We can find out whether users churned by checking if they viewed the ‘Cancellation Confirmation’ page, which is displayed after a successful cancellation performed on the ‘Cancel’ page.

Pages which are visited most often are:

NextSong (up to 8002 times for a single user within the observed period!)
Thumbs Down (up to 437 times for a single user)
Home (up to 355 times for a single user)
Add to Playlist (up to 240 times for a single user)
Add Friend (up to 143 times for a single user)
Roll Advert (up to 128 times for a single user)
Thumbs Up (up to 75 times for a single user)

On the other hand, some pages are viewed only a few times:

Submit Upgrade (up to 4 times for a single user); note though that Upgrade can be visited up to 15 times by a single user, meaning that users may click Upgrade but choose not to when asked to confirm their choice
Submit Downgrade (up to 3 times for a single user); note though that, similarly to Upgrade, Downgrade page can be visited up to 73 times by a single user
Cancel (only once per user)
Cancellation Confirmation (only once per user, as expected since user ID is removed afterwards)

Using the “userId, sessionId, itemInSession” key, we can rebuild the order of actions each user performed in each session. One thing we further investigated is the time difference between two consecutive ‘NextSong’ pages, as it could have indicated whether users skipped songs; we noticed however that this time difference is always larger than the song’s length (at least in our dataset), potentially meaning that Sparkify doesn’t offer such a feature.

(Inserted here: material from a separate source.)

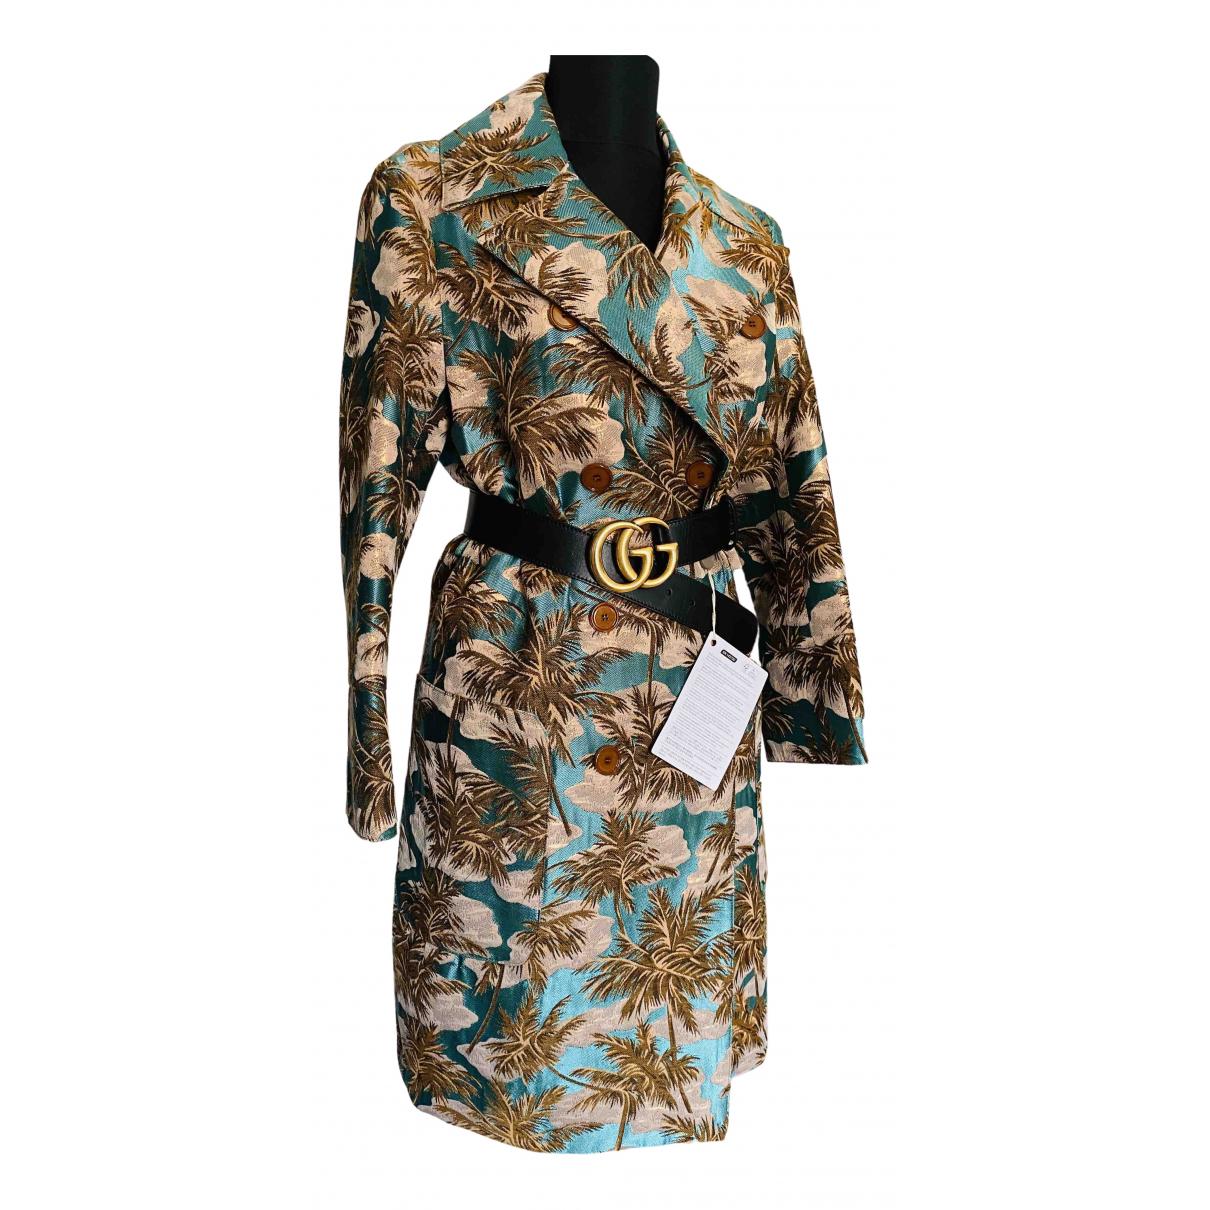 Tagliatore \N Multicolour jacket for Women 40 IT

In order to predict whether users are likely to churn, we extract some of the seemingly most relevant features from the log:

Number of songs per session: nbSongsPerSession
Number of adverts per session: nbAdvertsPerSession
Percentage of thumbs up / thumbs down given per song: thumbsUpPerSong / thumbsDownPerSong
Percentage of songs added to playlist: addToPlaylistPerSong
Number of friends added per session: addFriendsPerSession
User gender (we chose to encode 0 for male, 1 for female): gender
Whether user recently (during the observed timeframe) upgraded or downgraded: upgraded / downgraded
Whether user connected with a Windows, Mac or Linux device: windows / mac / linux
Length of time during which user has been registered: timeRegistered

Note that we chose to divide all values representing a quantity by the number of sessions or songs: this is because, for churned users, we only have data up to the point when they churn (which on average is at the middle of the observed period); this implies that total quantities for the observed period will be lower on average for churned users vs. non-churned ones. While this can be used as a good indicator of whether users have churned, we have to remember that this information is only available for training / testing, and not when we will want to predict whether users actually will churn, with data up to the same point in time for all users.

Data Visualization

To understand how each of the above features influences the probability that users churn, we define a basic score as:

Thus, a high score (respectively low score) means that the feature is characteristic of churned users (respectively non-churned users); a score of 0 meaning that the average for this feature is the same for churned and non-churned users. We get the following graph:

Basic score as defined above, computed for our selected features

Interpretation: features that are seemingly most relevant of non-churned users are:

downgraded (this can potentially be interpreted as: user chose to downgrade rather than cancel subscription completely, so it is likely they want to continue using the service, but for free)
gender (female users seem to be less likely to churn than male users)
addFriendsPerSession (the more friends you added, the less likely you are to churn)
level (paying users seem more likely to churn than non-paying ones)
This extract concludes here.